03/18/2010 05:12 am ET | Updated May 25, 2011

Fat, Calories and Sodium ... Oh My!

Like many image-conscious Angelenos, your new year's resolutions may include losing weight. But even if they do not, everyone's list of resolutions this year should include the resolution to look at nutritional information on restaurant menus.

Recently, my wife and I went to a local California Pizza Kitchen where I was about to order one of my favorites: the Original BBQ Chicken pizza. She then directed my attention to the nutritional information brochure. I was not surprised that the pizza contained 1,136 calories or 19 grams of fat, but was shocked that it had 2,568 milligrams of sodium -- more than the recommended allowance for the entire day. No wonder it tastes so good. Needless to say, I split a salad with my wife instead.

Most of us would rather stick our heads in the sand and not know the details about what we are eating. Sure, it's easier to enjoy that decadent meal or juicy fast-food burger without knowing the fat and calorie content. But not paying attention is likely to catch up with all of us, even those that are currently in good health. It is estimated that one-third of the calories that our society consumes and one-half of the total food dollars that we spend is for food purchased from or eaten at restaurants or other food facilities. So this is an important issue that we need to address.

Nearly 16 million Californians are obese or overweight. Many also suffer from heart disease, hypertension or diabetes. In an effort to take control of their health and make better choices, many people have learned about smarter options of choosing leaner fish and poultry, foods with good fat versus bad fat (avocados versus French fries), and water instead of sugared sodas. Now that we know about some better choices, the next hurdle is getting the actual nutritional information to make a truly informed decision. The fat, sodium and calorie feasts of some "healthy" items could surprise you.

Some of LA's most popular eateries offer weight-conscious options, which are a great start to making better choices. The catch is still making informed decisions and balancing your selections for the day. The Cheesecake Factory's Weight Management Asian Chicken Salad has 574 calories for a single serving, which is a better choice than many of the menu items. However, the salad reportedly packs a whopping 31 grams of fat and 2599 milligrams of sodium. That is a lot of fat, particularly if you are trying to watch your weight, and the high sodium content could cause some fluid retention.
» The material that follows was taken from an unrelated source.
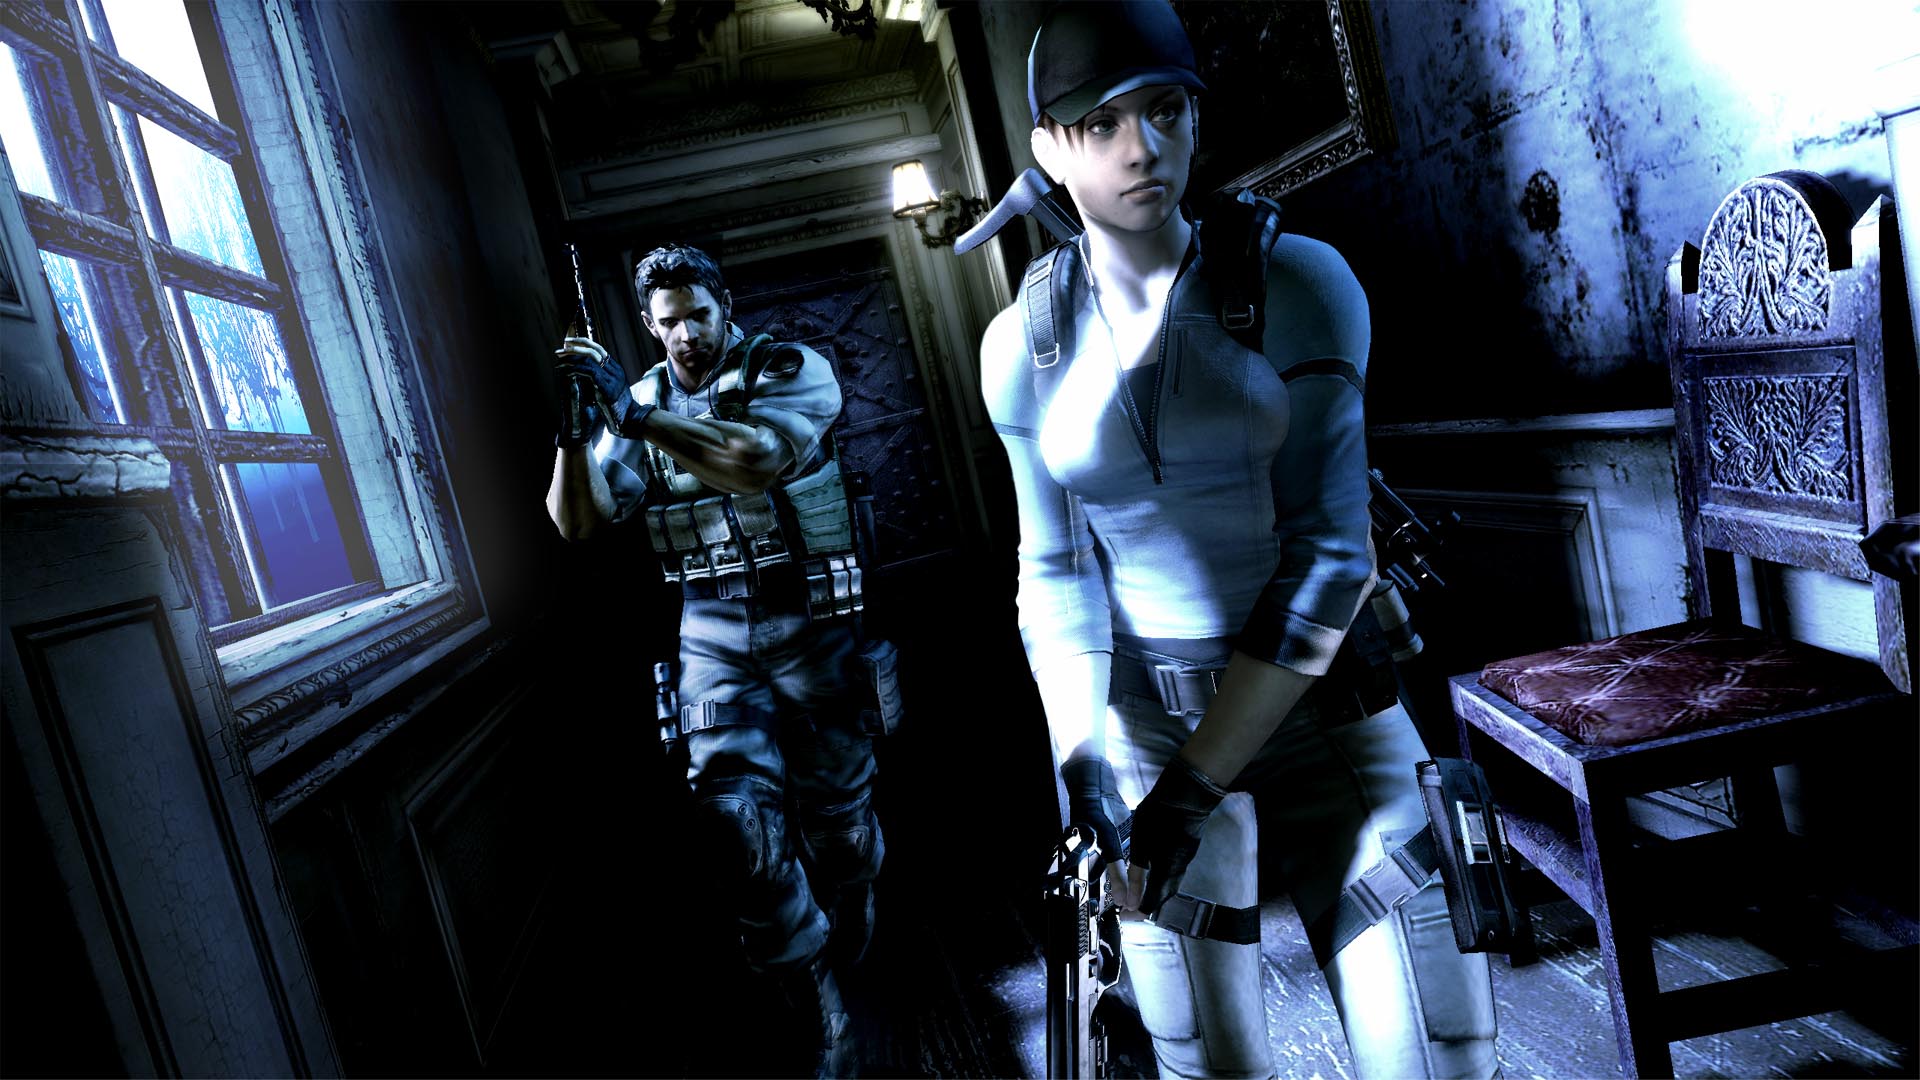 Buy Resident Evil 5 from the Humble Store and save 75%

On the surface, California Pizza Kitchen's Field Greens Salad with Sautéed Salmon sounds like it could be a good choice. But if you take a look at the nutritional information, you'll get hit with some surprising facts: With 1,227 calories, 15 grams of saturated fat and 952 milligrams of sodium for a single serving, you might want to keep shopping. Their popular Original BBQ Chicken Chopped Salad with Avocado also is a diet buster with 1,257 calories, 18 grams of saturated fat and 1,464 milligrams of sodium. You would need to spend nearly 3 hours riding a stationary bike at the gym to burn off that many calories.

So what do you do? Stop eating out? No. As of July 1, 2009 in California, chain restaurants with 20 or more locations are required to provide brochures with nutritional information. The brochures must contain counts of calories, saturated fat, carbohydrates and sodium for all standard menu items. If you don't see the information, ask for it. The next phase of the law will be rolled out in January 2011, when calorie information must be on menus and indoor menu boards. The California Legislature hopes that making this information available will help consumers make wiser food choices and will also spur the restaurants to create healthier alternatives to high calorie, high saturated fat and high sodium-containing items.
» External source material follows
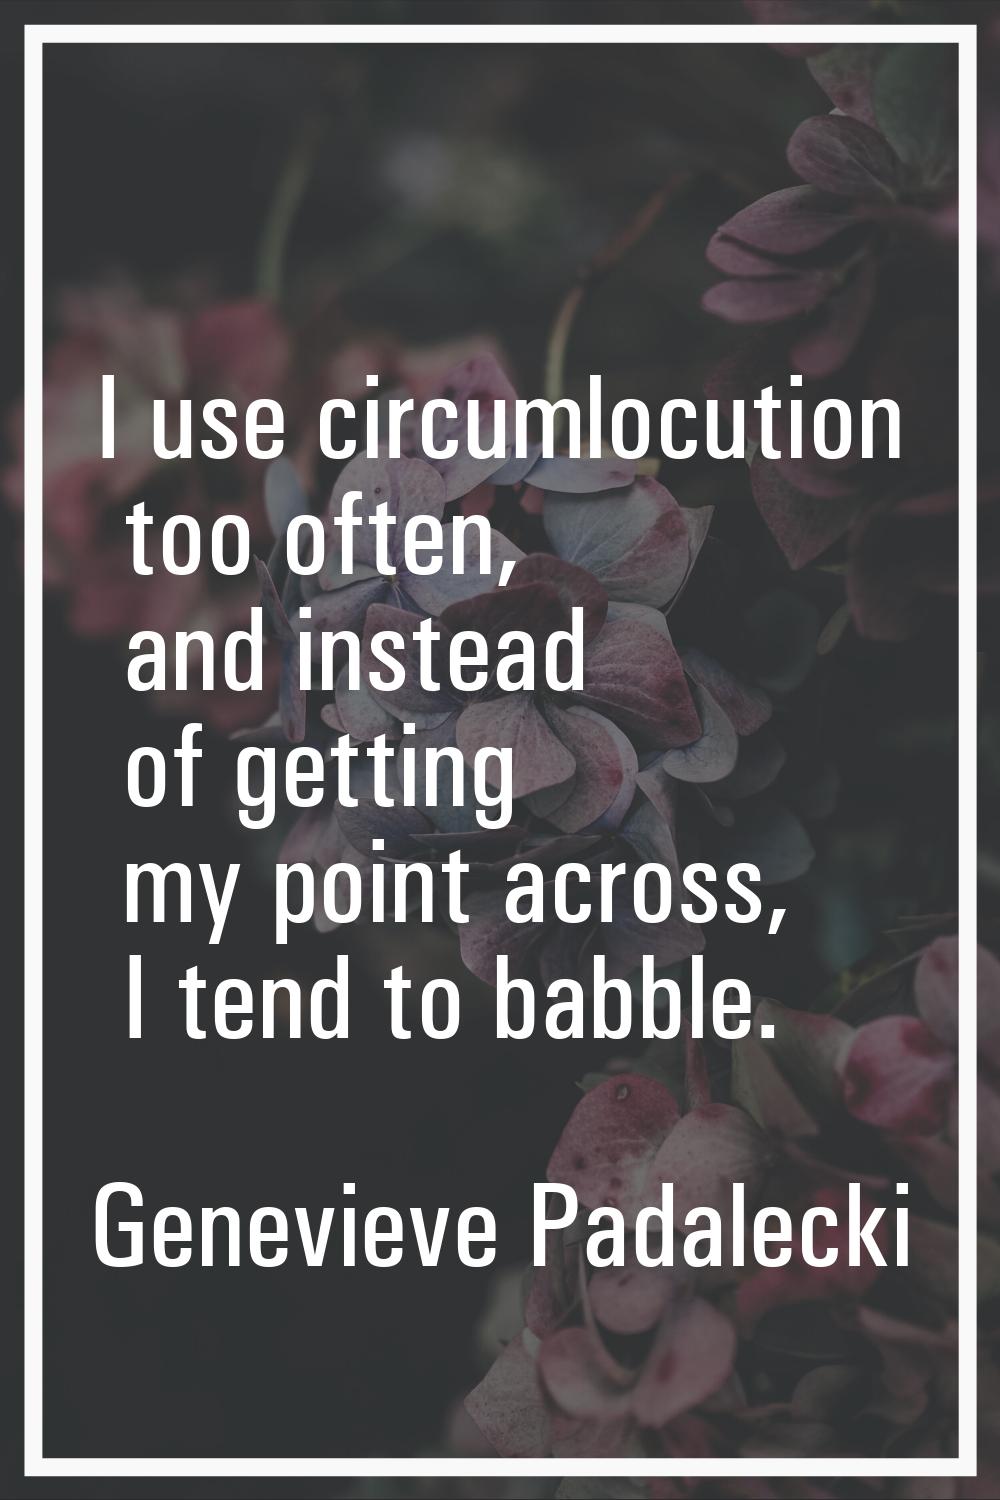 I use circumlocution too often, and instead of getting my point across, I tend to babble.

Once you are armed with the nutritional information, you can still have your favorite chicken salad, but consider consuming less than half of it for a meal and save the other half for later, or share it with a friend. In addition to calories, fat and sodium content, you should watch that the serving size is for one portion, not two or three. When ordering, don't be afraid to ask the server how dishes are prepared and if can they modify it to help trim the fat and calories. For instance, eating chicken that has been baked or grilled results in less calories and fat than if it were fried or sautéed.
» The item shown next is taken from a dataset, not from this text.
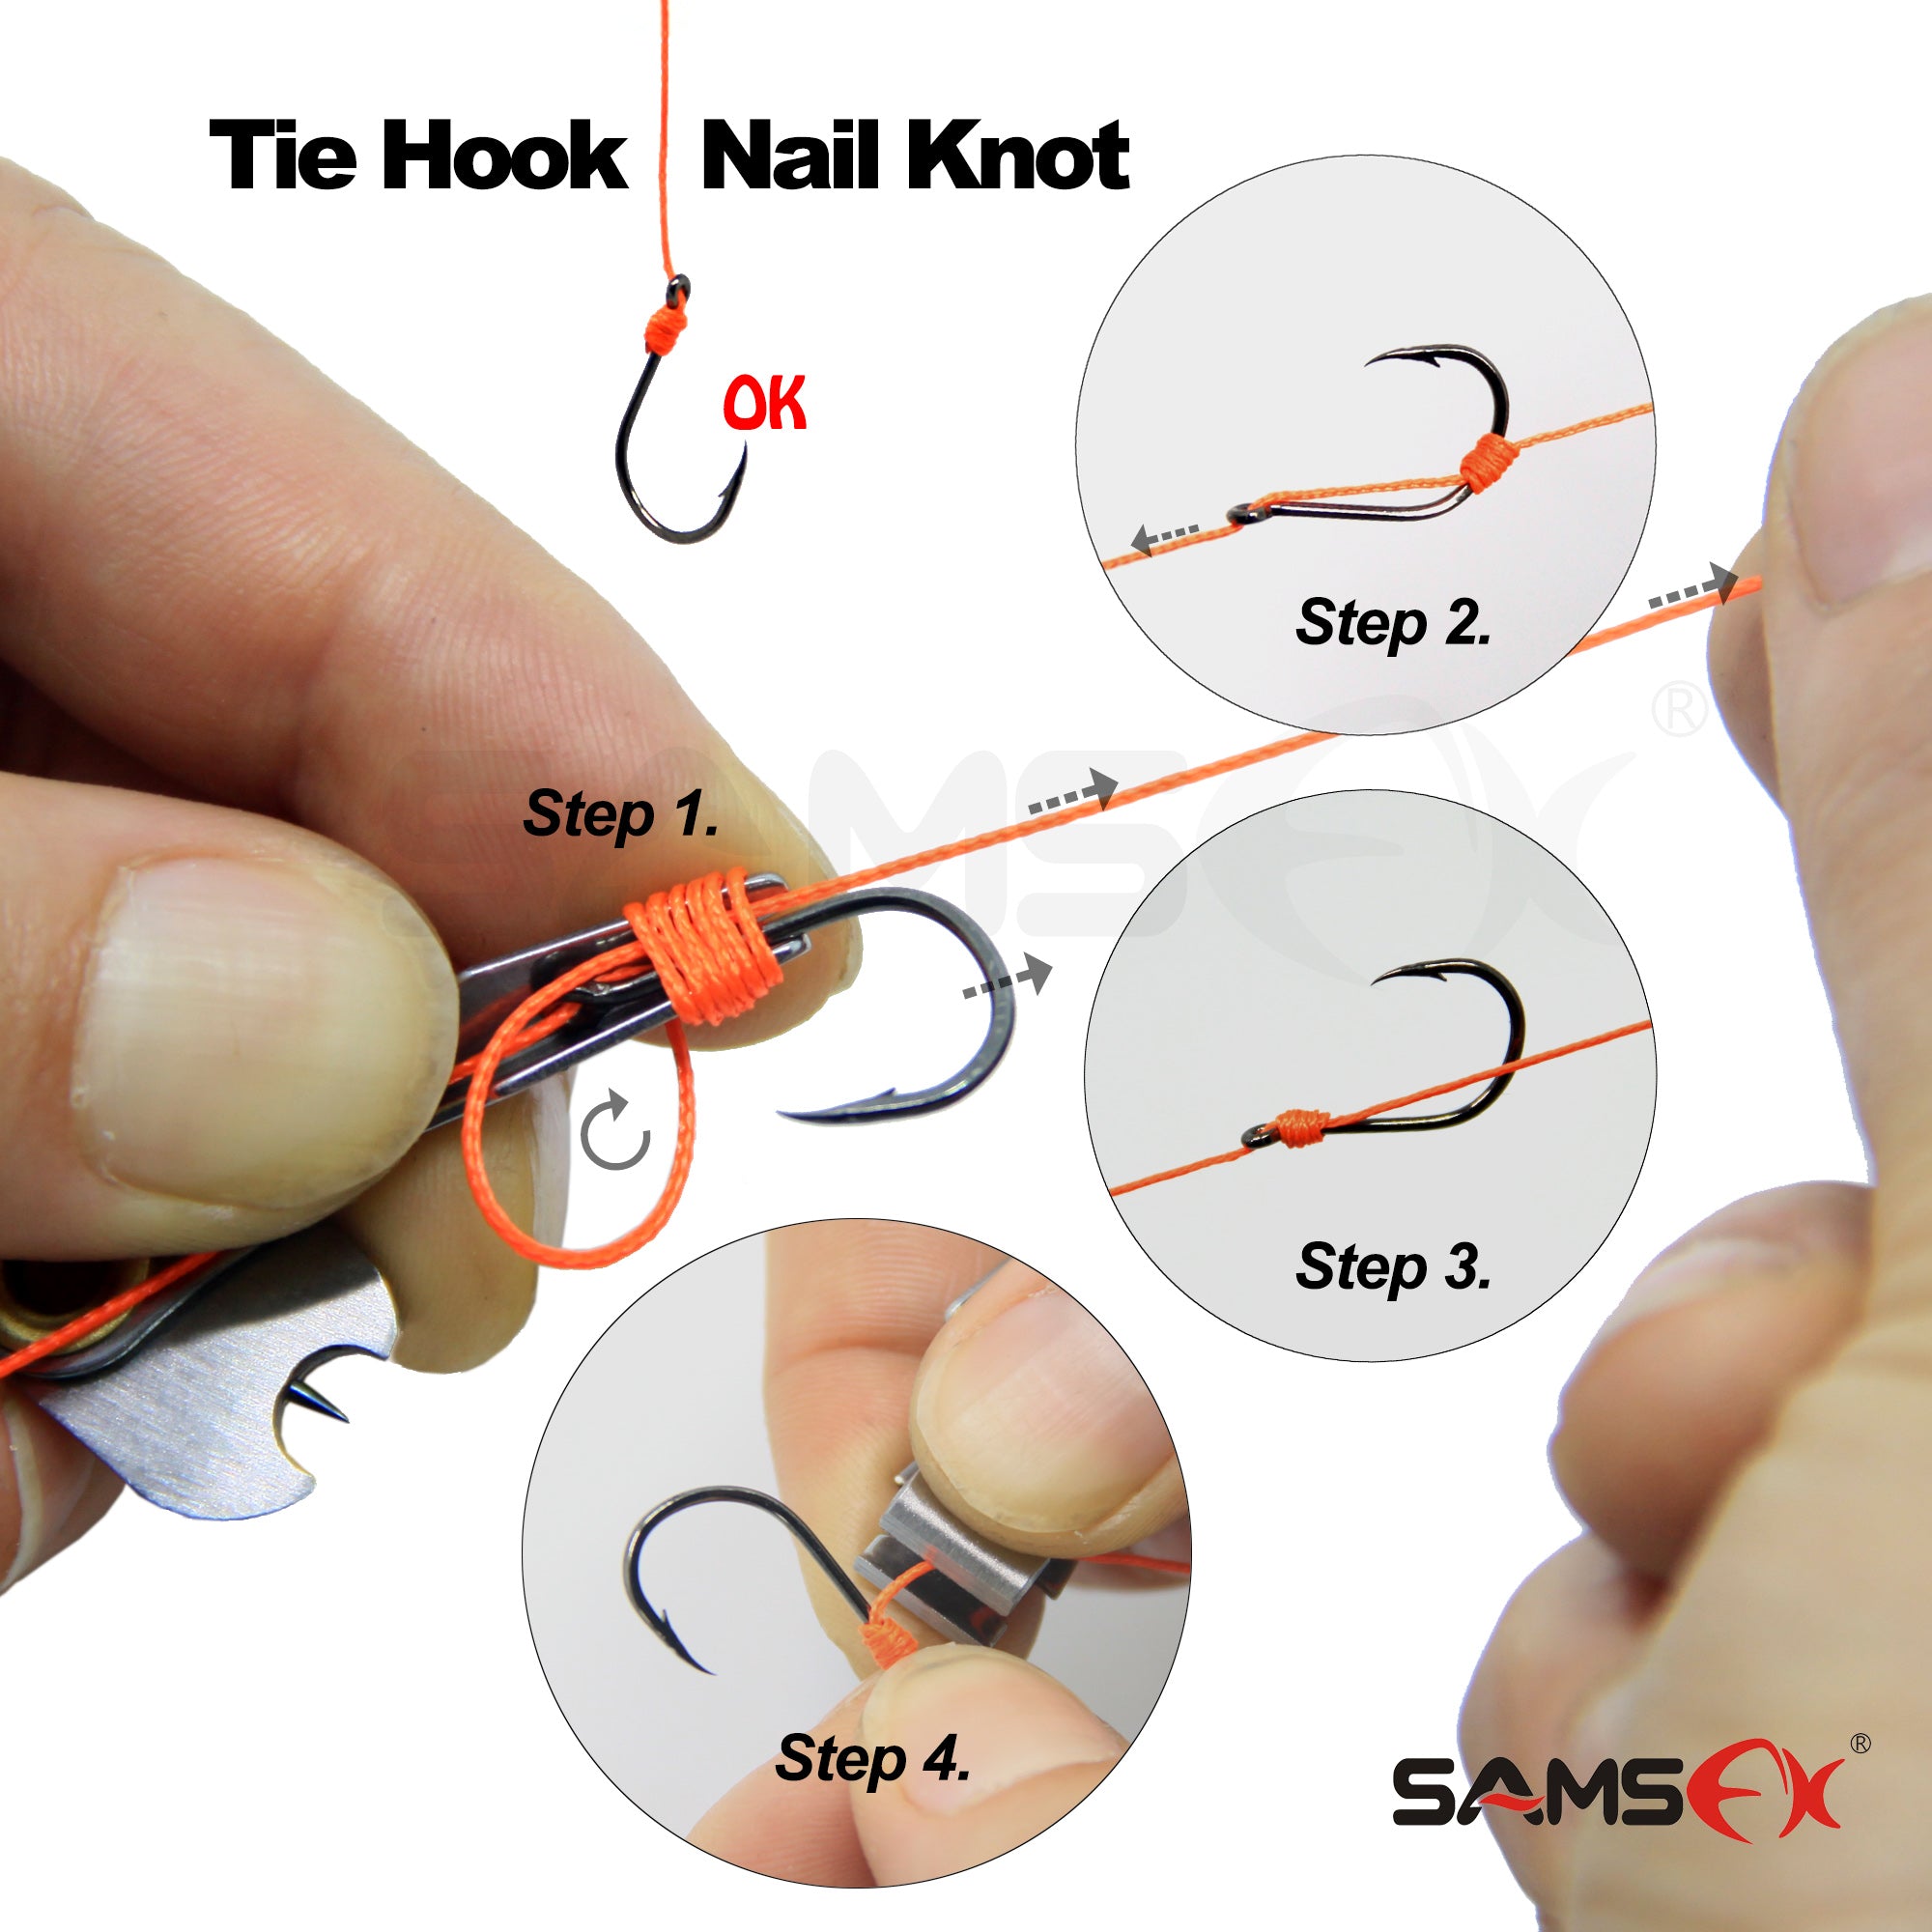 How to tie a Snell Knot using the Hook-Eze knot tying tool

For a healthy adult, the current recommended daily intake based upon a 2,000 calorie diet is up to 65 grams of total fat, with no more than 20 grams of saturated fat, 300 grams of carbohydrate, of which 25 grams is in the form of fiber, 50 grams of protein, less than 300 milligrams of cholesterol, and less than 2,400 milligrams of sodium.

Dining out doesn't have to feel like a minefield. So, add a resolution to your list for this year to look at the menu calorie, fat and sodium counts. Your body will thank you.